Using pdf2Data Rest API
This example uses configuration values for the RESTful service that can be set up during container deployment.
We assume that pdf2Data REST API Engine is available on localhost:8080, and the authorization token is "AUTH_TOKEN". Please replace these values with ones you have configured
As for other engine types, one who wants to use REST API service should perform 4 operations:
Upload license
It must be done once per service per license.
curl -X 'POST' \
https://localhost:8080/api/v2/license' \
-H 'accept: application/json' \
-H 'Authorization: Bearer AUTH_TOKEN' \
-H 'Content-Type: multipart/form-data' \
-F 'licenseFile=@pdf2data_license.json;type=application/json'
Register template
Register template in Engine (once per template per instance)
curl -X 'POST' \
'https://localhost:8080/api/v2/templates' \
-H 'accept: application/json' \
-H 'Authorization: Bearer AUTH_TOKEN' \
-H 'Content-Type: multipart/form-data' \
-F 'templateArchive=@template_for_sdk.p2d'
Response:
{
"id": "templateID",
"name": "template_for_sdk",
"description": "test"
}
In the next step, we will use this id: "templateID"

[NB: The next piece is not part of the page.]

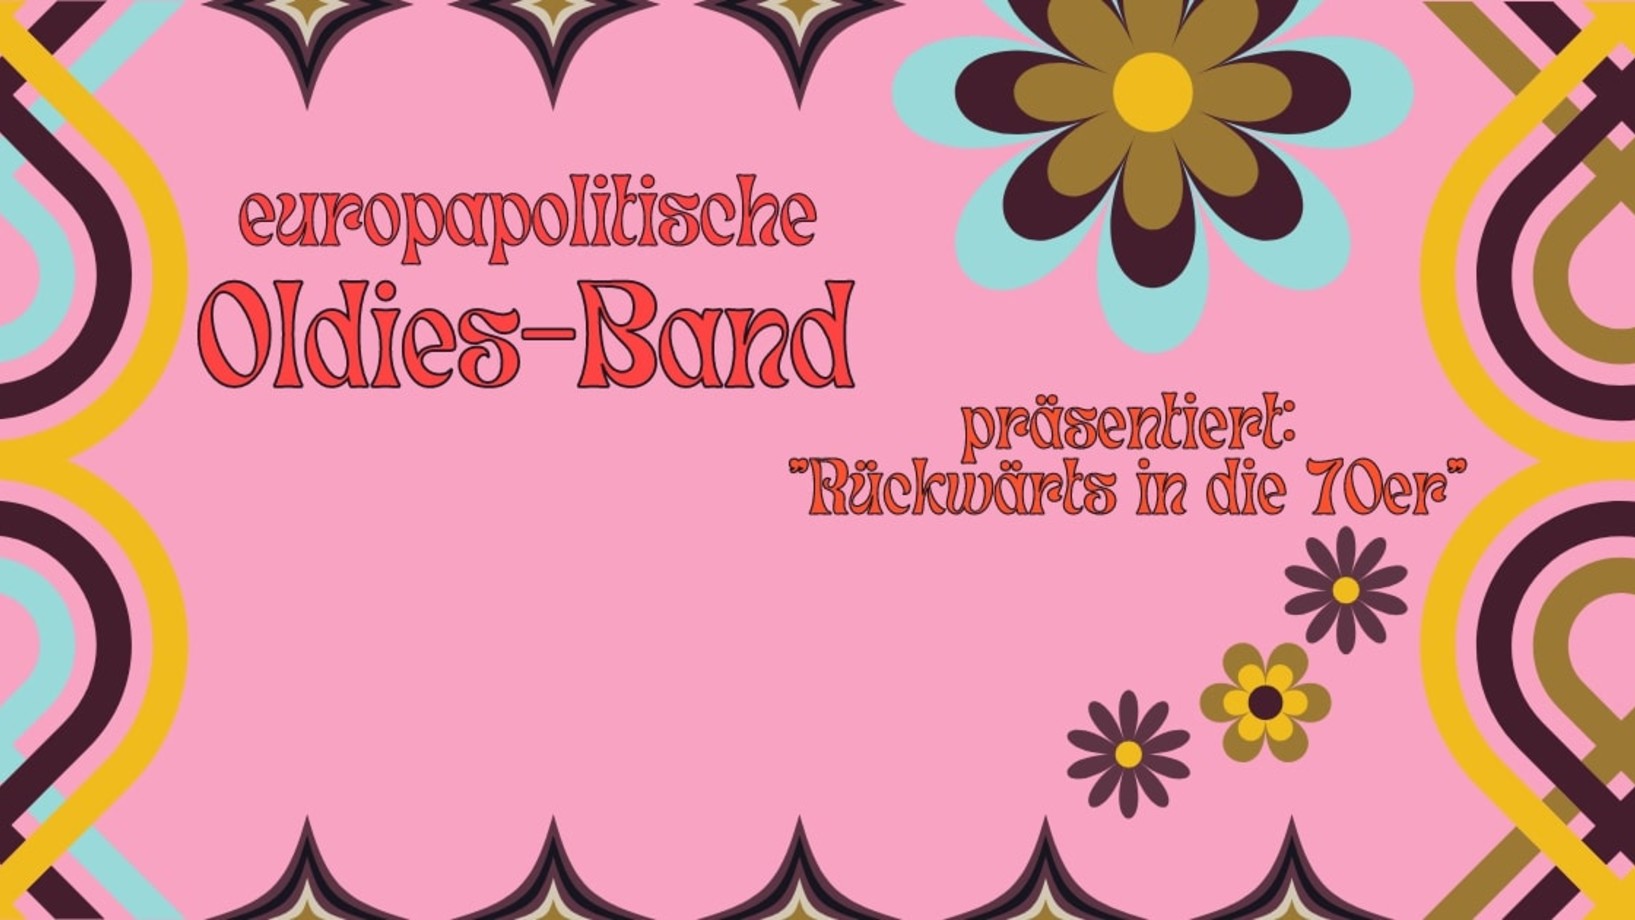 Europapolitische Oldies-Band will back to the 70s

to specify which template must be used for parsing:
You should use "processed" templates. (i.e. one that has a *.p2d extension).
You can get a "processed" template by clicking on the "Download for SDK" button in
pdf2Data UI with the Manager component
Recognize
The nature of the REST Engine is asynchronous.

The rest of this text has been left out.